On Thursday, April 9, 2015 at 5:19:54 PM UTC+2, kcrisman wrote:

The following changed behaviour leads to a few fails:

sage: a,b = var('a b')
sage: abs(sqrt(x))
sqrt(abs(x))
sage: sqrt(abs(x)^2)
sqrt(x*conjugate(x))
sage: abs(x)^2
x*conjugate(x)

What does Maxima do with these?  I know that there has been endless discussion of what to do with things involving abs, square, and sqrt.

(%i1) abs(sqrt(x));
(%o1)                               sqrt(x)
(%i2) sqrt(abs(x)^2);
(%o2)                               abs(x)
(%i3) abs(x)^2;
                                       2
(%o3)                                 x

 

sage: A = abs((a+I*b))^2
sage: A
(a + I*b)*(conjugate(a) - I*conjugate(b))
sage: A.canonicalize_radical()
a^2 + b^2

Given the history of radcan I wouldn't necessarily worry about this, though what the previous behavior is would be worth looking at.

sage: A

abs(a + I*b)^2

sage: A.canonicalize_radical()

abs(a + I*b)^2

[Vincent Delecroix]

Hello,

I found

sage: abs(sqrt(x))
sqrt(abs(x))

much better than

(%i1) abs(sqrt(x));
(%o1) sqrt(x)

We discussed in #15605 that variables in the symbolic ring should be
thougt as complex variables (if not specified otherwise). The maxima
version is wrong when x is real negative.

What is the answer to

sage: sqrt(abs(x)**2) == abs(x)
sage: abs(x**2)
sage: (-1)^(2/3) # see ticket 15605

Vincent

[Julien Puydt]

Le Thu, 09 Apr 2015 18:38:24 +0200,

I can't help but notice that under the convention that sqrt is a
function from non-negative reals to non-negative reals, what maxima
does makes perfect sense.

Snark on #sagemath

[Vincent Delecroix]

True.

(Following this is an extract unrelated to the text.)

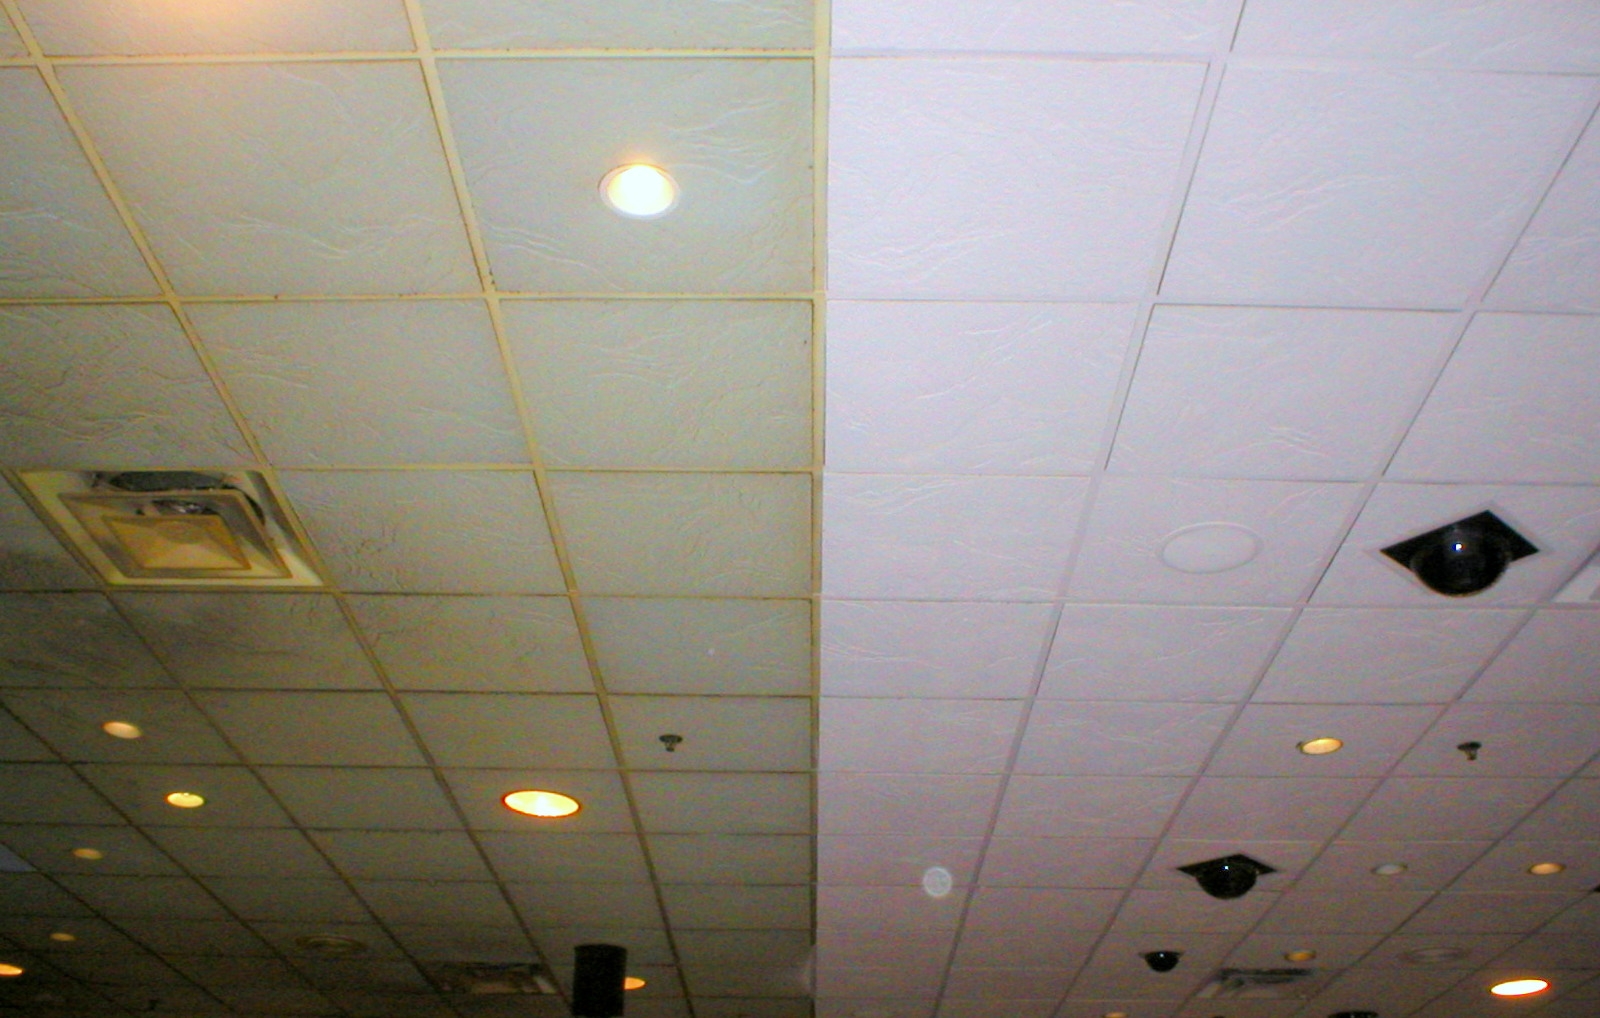 Old Ceiling Tile Art Old Ceiling Tile Art ceiling painting ceiling tiles inspirational painting basement 1600 X 1018
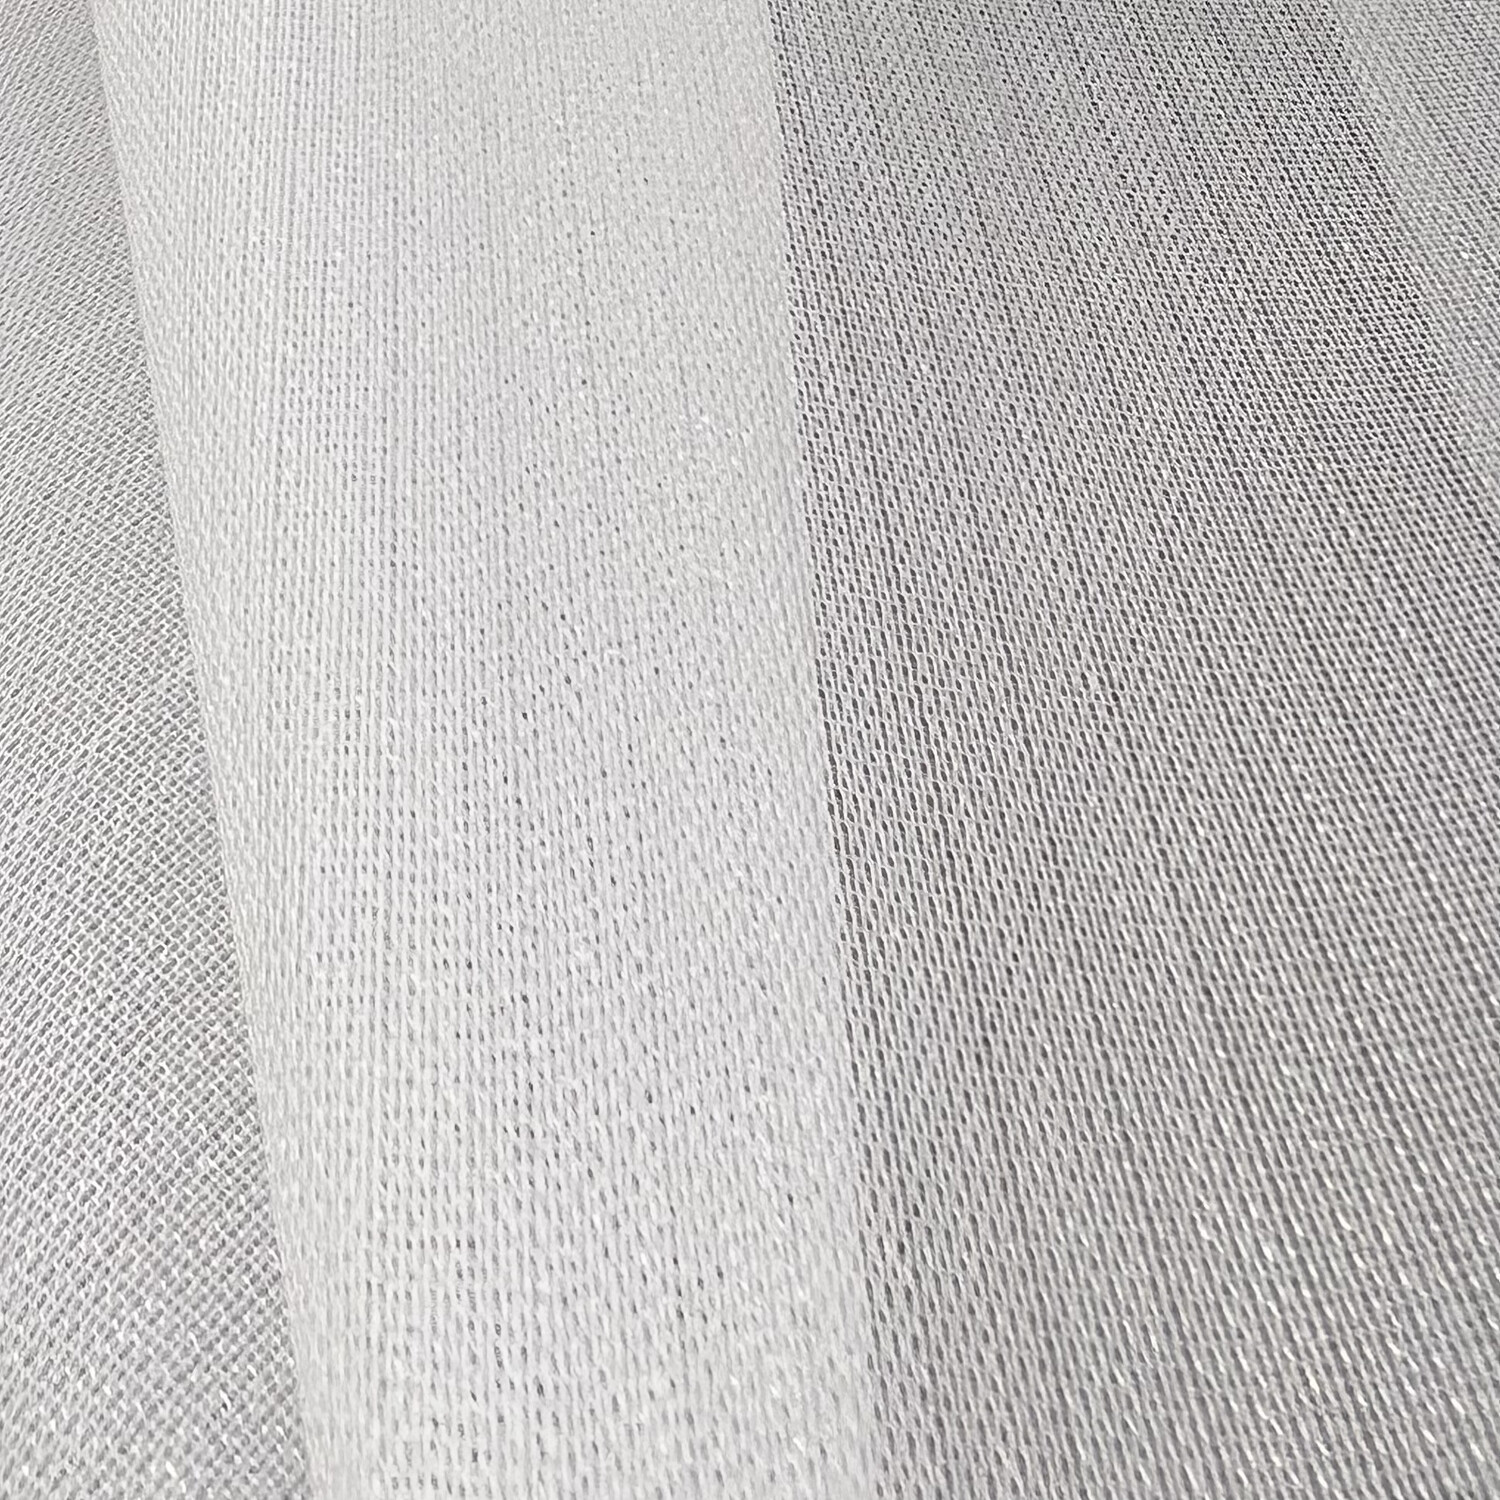 Прозрачная штора сетчатая под лен кремовая 300*290 см

Let me add that I did not say that maxima is wrong but that maxima
is wrongly used in Sage. (perhaps implicitly)

[Francois Bissey]

Comments below

> On 10/04/2015, at 04:21, Ralf Stephan <gtr...@gmail.com> wrote:
>
>
>
> On Thursday, April 9, 2015 at 5:19:54 PM UTC+2, kcrisman wrote:
> The following changed behaviour leads to a few fails:
>
> sage: a,b = var('a b')
> sage: abs(sqrt(x))
> sqrt(abs(x))
> sage: sqrt(abs(x)^2)
> sqrt(x*conjugate(x))
> sage: abs(x)^2
> x*conjugate(x)
>
> What does Maxima do with these? I know that there has been endless discussion of what to do with things involving abs, square, and sqrt.
>
> (%i1) abs(sqrt(x));
> (%o1) sqrt(x)
> (%i2) sqrt(abs(x)^2);
> (%o2) abs(x)
> (%i3) abs(x)^2;
> 2
> (%o3) x

That last one is only true if `x` is real. ginac’s answer doesn’t make this
assumption and is more generic than maxima here.

François

[Vincent Delecroix]

The first one is true if `x` is real and non-negative... but

(%i4) abs(sqrt(-x));
(%o4) sqrt(- x)

is true if `x` is real and non-positive...

Vincent

[Eric Gourgoulhon]

Hi,

Le jeudi 9 avril 2015 17:05:38 UTC+2, Ralf Stephan a écrit :

The following changed behaviour leads to a few fails:

sage: sqrt(abs(x)^2)
sqrt(x*conjugate(x))

So, do we want this?

I am a little bit worried to see this: whatever x (real positive, negative or complex), sqrt(abs(x)^2) should *always* return abs(x).
Maxima is correct in this respect:
(%i1) sqrt(abs(x)^2);
(%o1)                               abs(x)

Eric.

[Ralf Stephan]

The answer to Vincent's question:

sage: bool(sqrt(abs(x)**2) == abs(x))
False
sage: abs(x**2)
x*conjugate(x)
sage: (-1)^(2/3)
1

On Friday, April 10, 2015 at 12:58:00 AM UTC+2, Eric Gourgoulhon wrote:

sage: sqrt(abs(x)^2)
sqrt(x*conjugate(x))

So, do we want this?

I am a little bit worried to see this: whatever x (real positive, negative or complex), sqrt(abs(x)^2) should *always* return abs(x).

These two results seem controversial. So, is this enough to revert? Don't the

benefits outweigh the odd outlyer? 

[Jean-Pierre Flori]

I would say to stick with GiNaC behavior within Pynac if we can deal with such behaviors at the Sage level.
That would ease maintenance of Pynac, don't you think?
(I already posted a reply but it seems to have gone wild.)

[kcrisman]

>>
>> (%i1) abs(sqrt(x));
>> (%o1)                               sqrt(x)
>> (%i2) sqrt(abs(x)^2);
>> (%o2)                               abs(x)
>> (%i3) abs(x)^2;
>>                                         2
>> (%o3)                                 x
>
> That last one is only true if `x` is real. ginac’s answer doesn’t make this
> assumption and is more generic than maxima here.

The first one is true if `x` is real and non-negative... but

(%i4) abs(sqrt(-x));
(%o4)                              sqrt(- x)

is true if `x` is real and non-positive...

I suspect that rjf would have some comments along the lines of the current discussion mistaking a symbolic *expression* for a symbolic *function*.  Sage in general usually "wants" a function but a lot of the other software deals with expressions.  I'd be interested in an Axiom or Sympy perspective on this. 

[Ralf Stephan]

On Friday, April 10, 2015 at 10:28:27 AM UTC+2, Jean-Pierre Flori wrote:

I would say to stick with GiNaC behavior within Pynac if we can deal with such behaviors at the Sage level.
That would ease maintenance of Pynac, don't you think?

 Right, especially since changing the domain to real reverts to the previous behaviour:

sage: x=var('x', domain='real')
sage: abs(x**2)
x^2
sage: abs(x)**2
x^2
sage: abs(sqrt(x))
sqrt(abs(x))
sage: a,b = var('a b', domain='real')

sage: A = abs((a+I*b))^2
sage: A

(a + I*b)*(a - I*b)
sage: imag(A.canonicalize_radical())
0

[Ralf Stephan]

http://trac.sagemath.org/ticket/18155